When you’re shopping at Costco or other warehouse retailers, beware of two problems.

First, Costco packages are usually much larger than in other stores.  You might normally buy one loaf of bread but Costco forces you to buy two.  Fruits and vegetables, paper towels, office supplies, you name it, Costco sells these in huge packages.  There’s little point in buying a bushel of grapefruits if half of them are going to rot before you have a chance to eat them.  Don’t buy more than you need.

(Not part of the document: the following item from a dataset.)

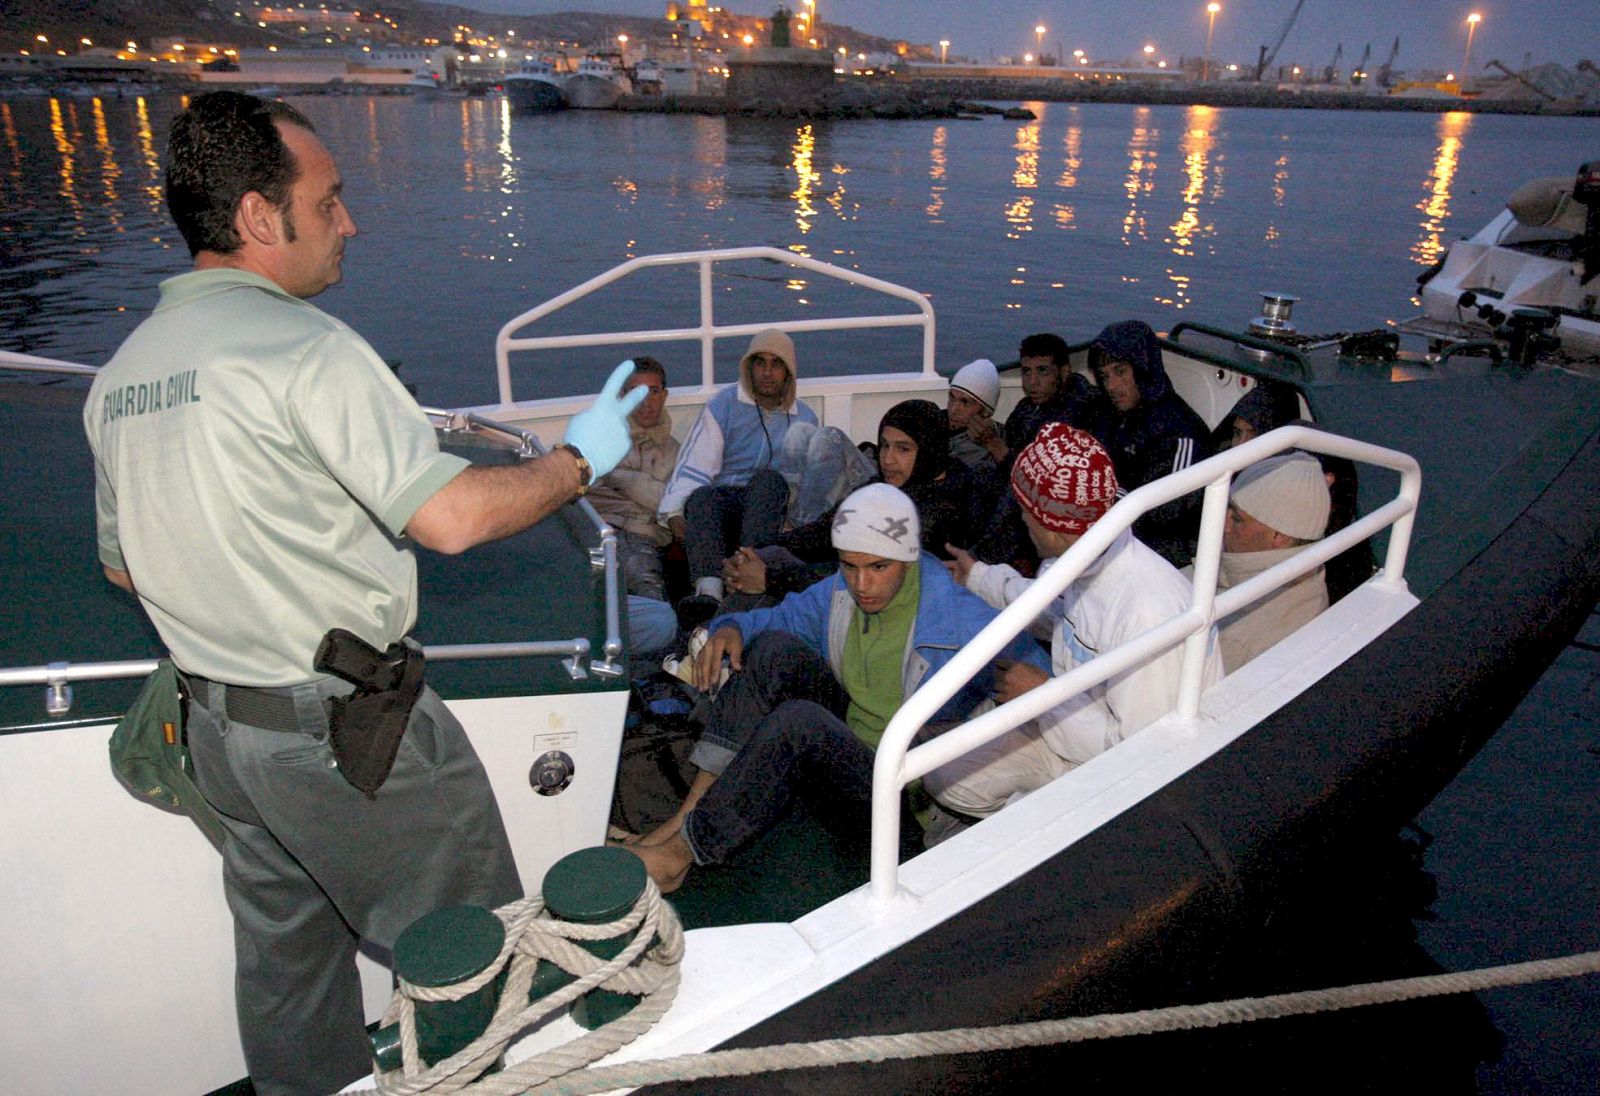 Los once inmigrantes, todos varones, que navegaban en una patera llegan al puerto de Almería después de que la Guardia Civil les intercepatara a 20 millas al sur del Cabo de Gata.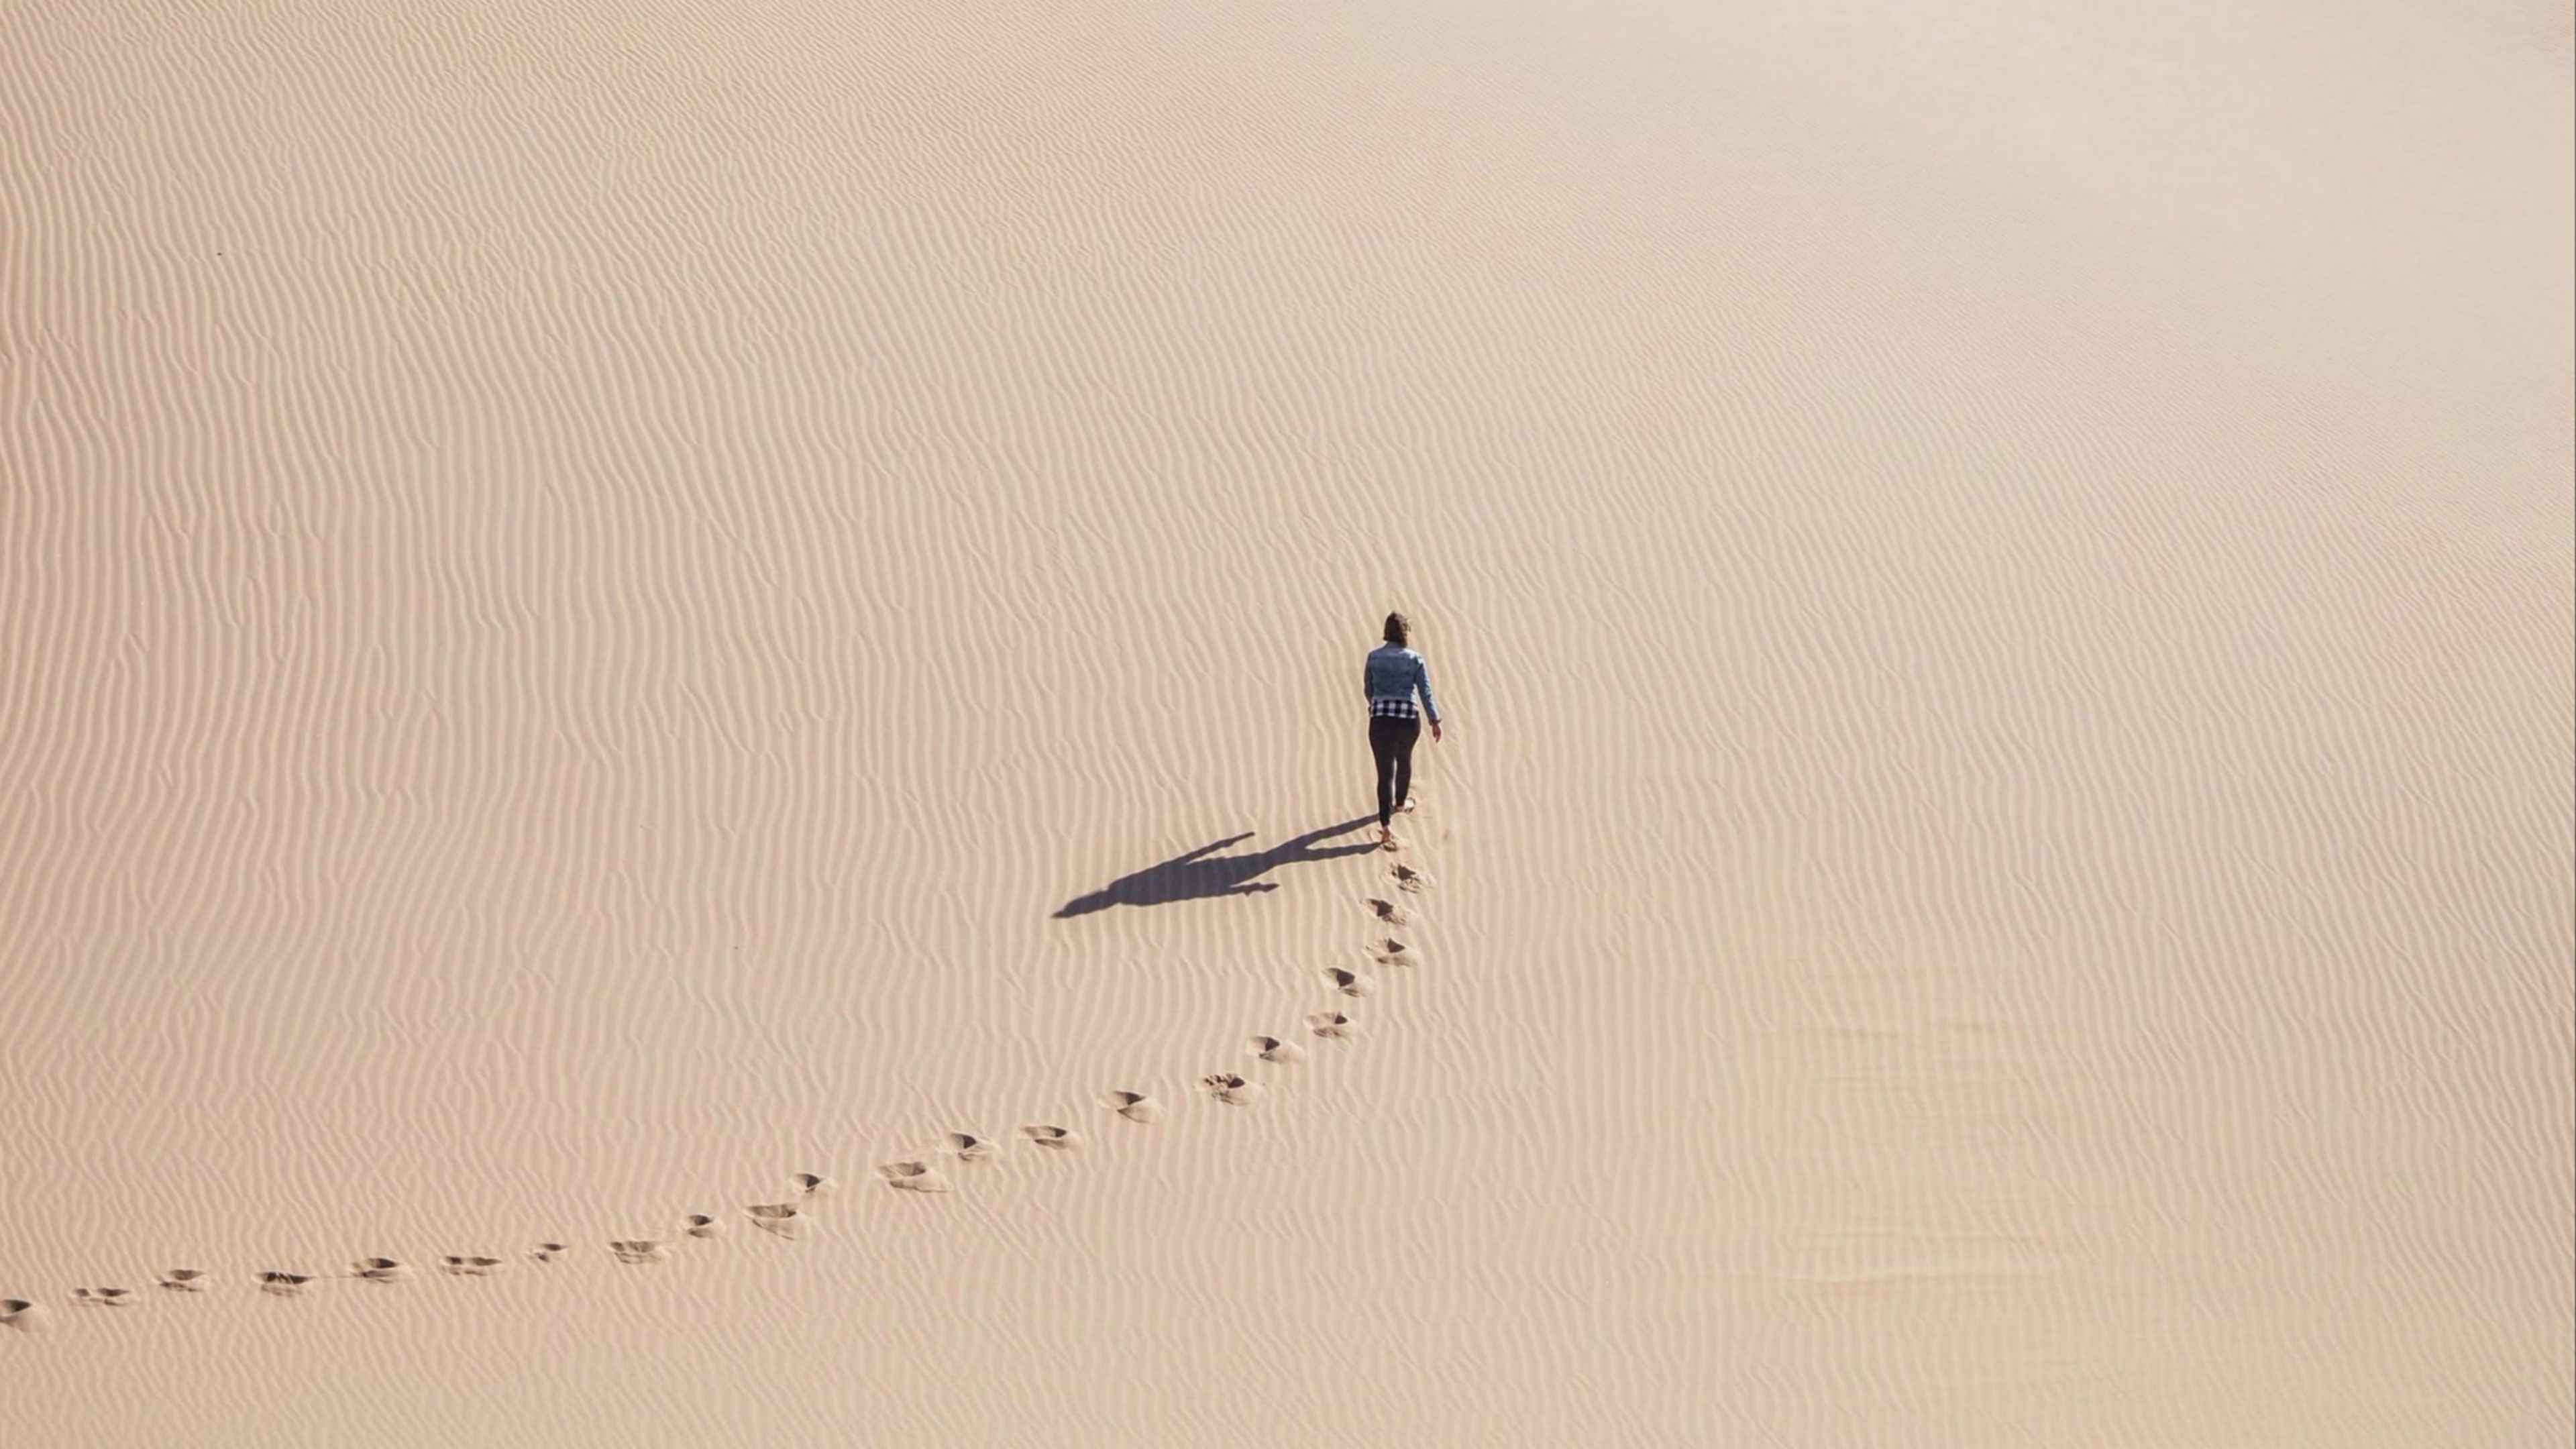 Следы в никуда. Следы в пустыне. Человек в пустыне. Человек идет по пустыне. Следы на песке в пустыне.

Second, Costco is full of stuff that you don’t need at all.  Mango salsa might taste great in the samples stand, and the designer clothes and small home appliances look very appealing in the store.  A day at Costco is full of temptations to add these items to your over-sized shopping card.  Enjoy the free samples, sure. But avoid the temptation.  Don’t buy things you don’t need.

About Mark P. Holtzman

Chair of Accounting Department at Seton Hall University. PhD from The University of Texas at Austin. Worked at Deloitte's New York Office. BSBA from Hofstra University.

3 Responses to “The Costco Delusion”

  1. I have found that buying things on sale at local supermarkets is cheaper than most (not all) Costco purchases.

  2. Don’t ever go into Costco without a list and a full belly!